Après la tentative de déstabilisation survenue le 7 décembre, le général Fructueux Gbaguidi rassure sur la situation dans les Forces armées béninoises. L’état-major a fait part des mesures engagées en interne.
Deux semaines après les événements du 7 décembre 2025 au Bénin, le chef d’état-major général des Forces armées béninoises (FAB), le général de division Fructueux Gbaguidi, est sorti de son silence. Dans une interview accordée à Bip Radio, il a tenu à rassurer sur la stabilité de l’armée et à faire le point sur les suites de cette affaire.
« Tout va bien dans les Forces armées béninoises à présent », a-t-il affirmé, évoquant des faits « regrettables » qui ont entaché l’institution. « Que des frères d’armes retournent leurs armes contre la République, contre leurs frères d’armes, est une honte », a-t-il déploré. Pour lui, l’armée reste au service de la République et doit faire preuve de loyauté envers la Constitution.

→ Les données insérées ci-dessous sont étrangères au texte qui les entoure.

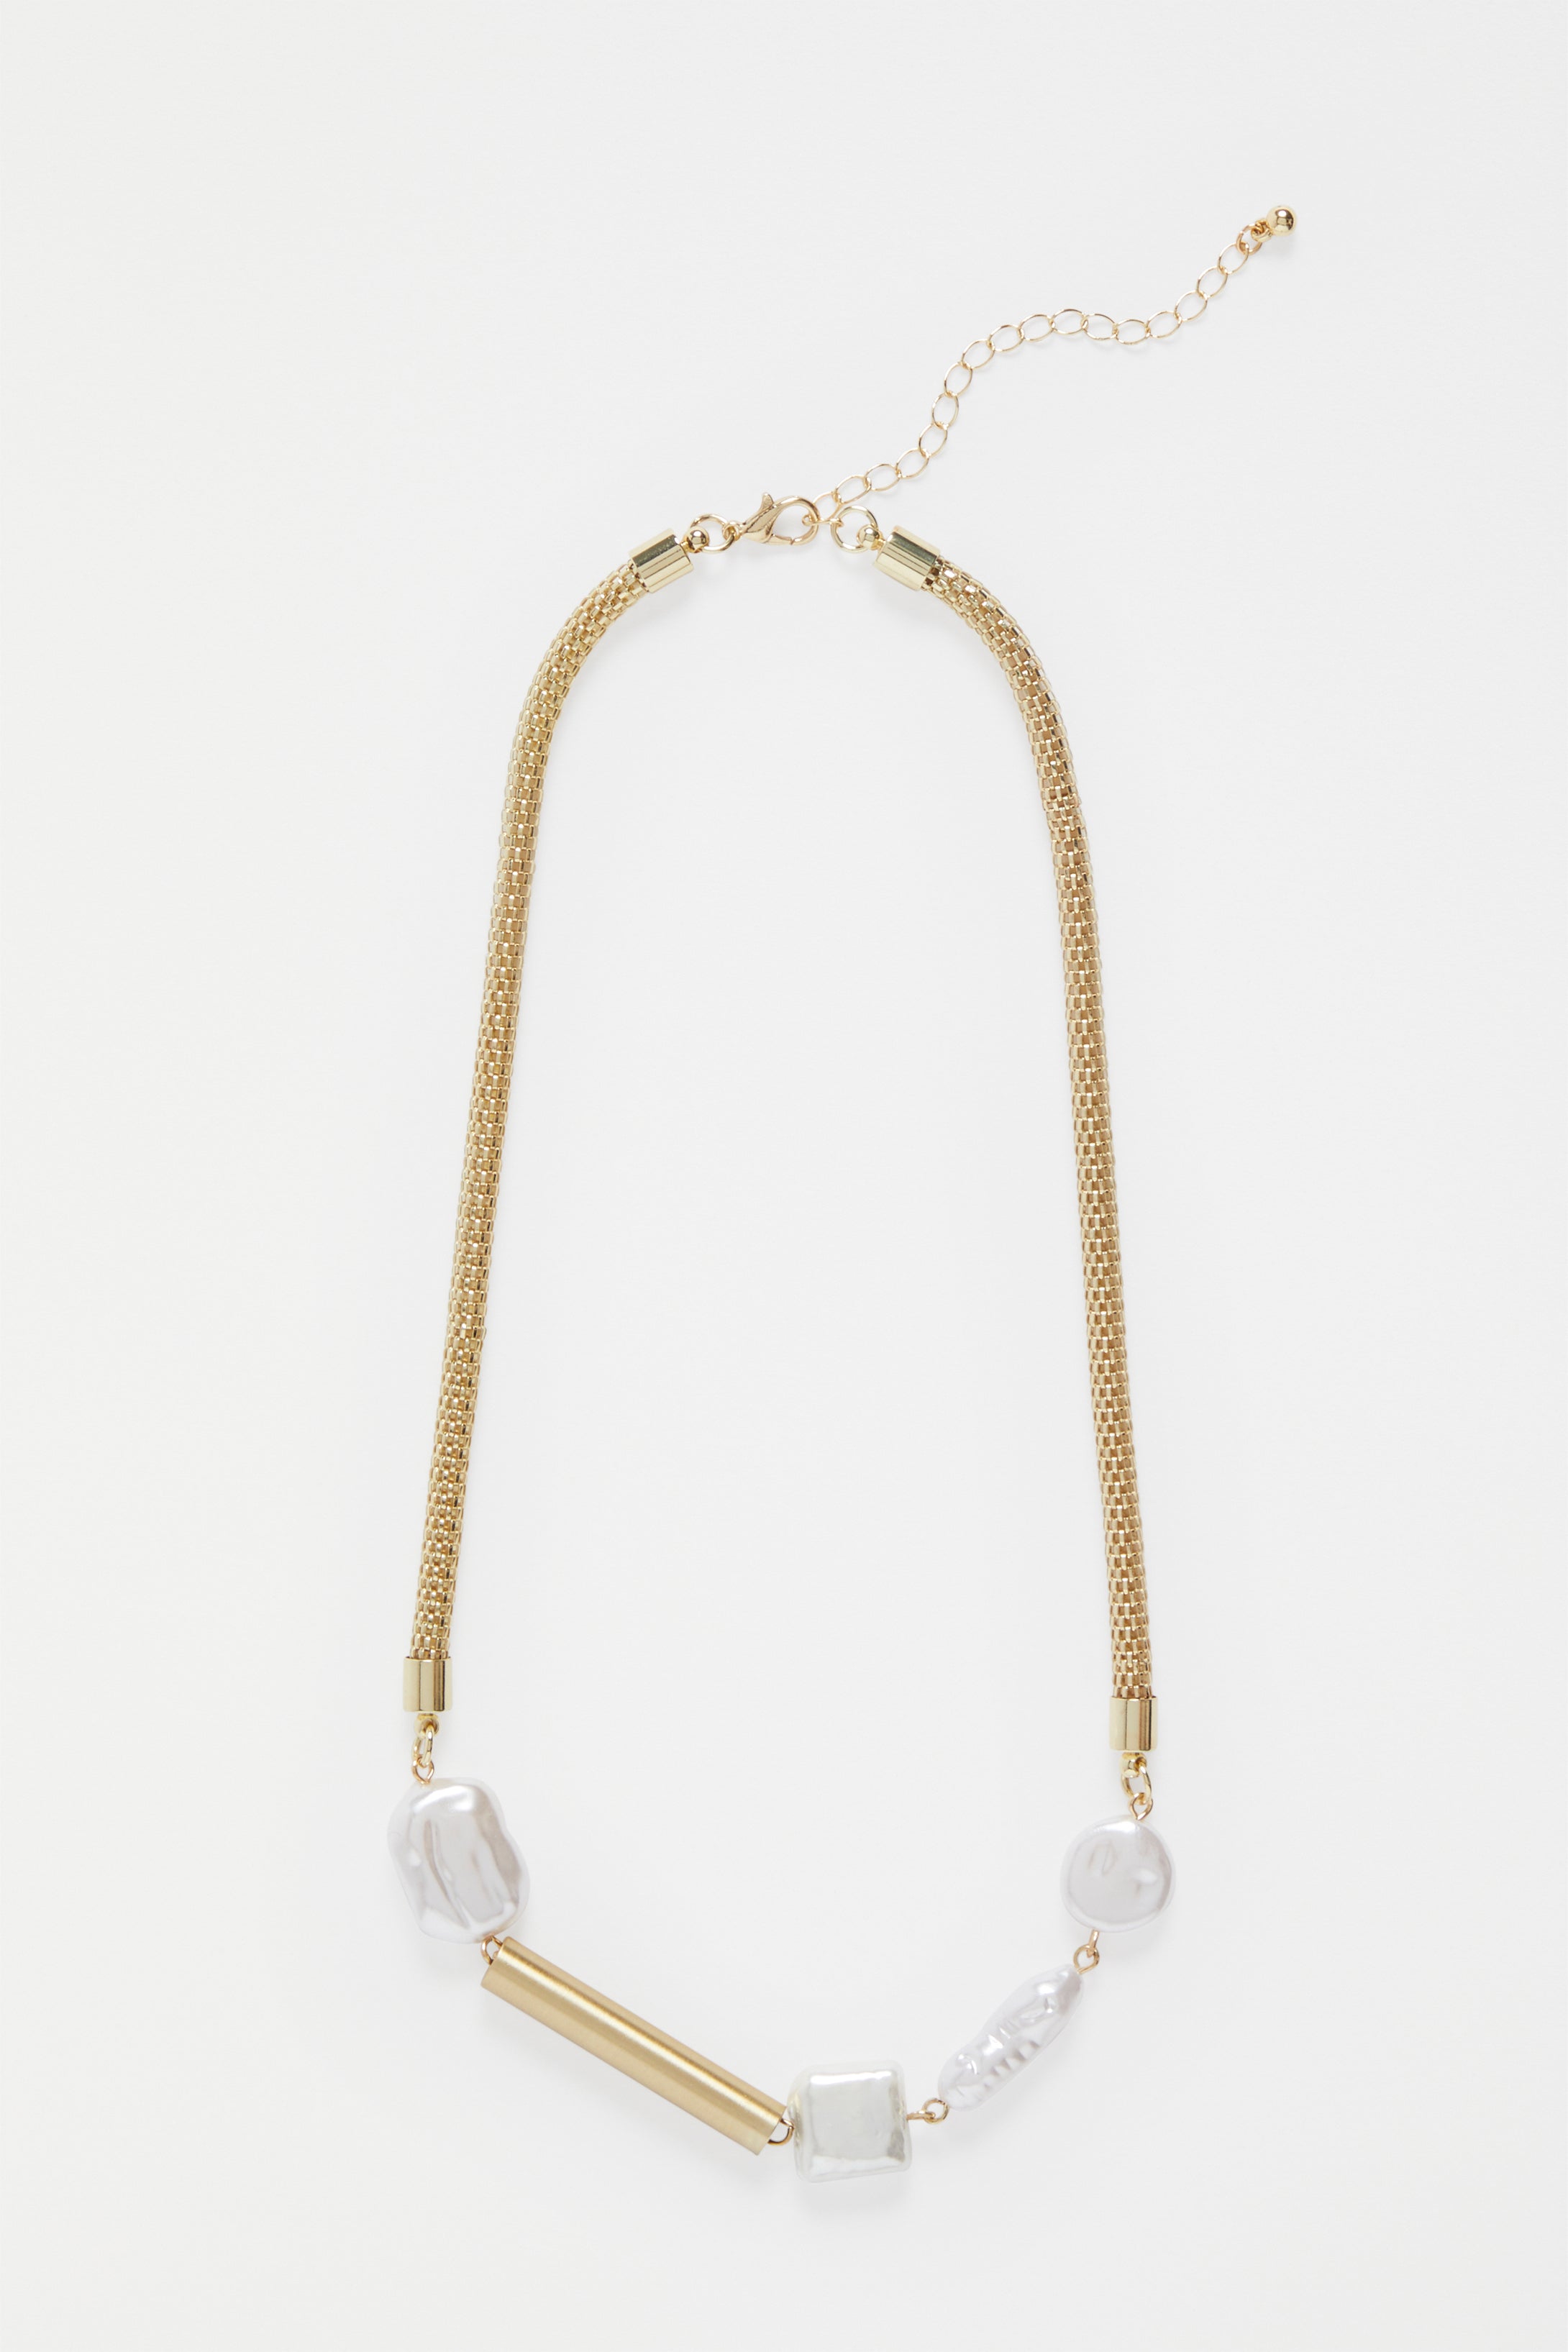 Lang Asymetric Gold and Pearl Statement Necklace | GOLD

Suite à cette tentative de déstabilisation, l’état-major a engagé une revue interne de personnel. Des cas de désertion et d’implication directe ont été relevés. « Le point a été fait et le compte rendu transmis à l’autorité suprême », a précisé le général Gbaguidi, sans entrer dans les détails.
Sur le plan judiciaire, il a rappelé que les enquêtes sont menées par la Police républicaine. « Nous ne menons pas les enquêtes. Elles sont en cours », a-t-il indiqué, tout en précisant attendre les résultats qui seront rendus publics par les autorités compétentes.
À ce stade, une trentaine de personnes ont été interpellées, selon ses propos. Une dizaine d’autres restent en garde à vue pour les besoins de l’enquête. « Dans quelques semaines, nous saurons qui sera inculpé ou non », a-t-il ajouté avec prudence.
Le général Gbaguidi s’est dit particulièrement affecté par l’implication de Pascal Tigri qu’il connaît personnellement. « C’est un garçon que j’aimais bien, qu’à la limite, je coachais. Je prie pour lui, parce qu’il a posé des actes très graves », a-t-il confié.
Malgré la gravité des faits, le chef d’état-major appelle à regarder vers l’avenir. « Les grandes nations passent toujours par des épreuves. Nous avons le devoir de rebondir pour que plus jamais cela n’arrive », a-t-il conclu.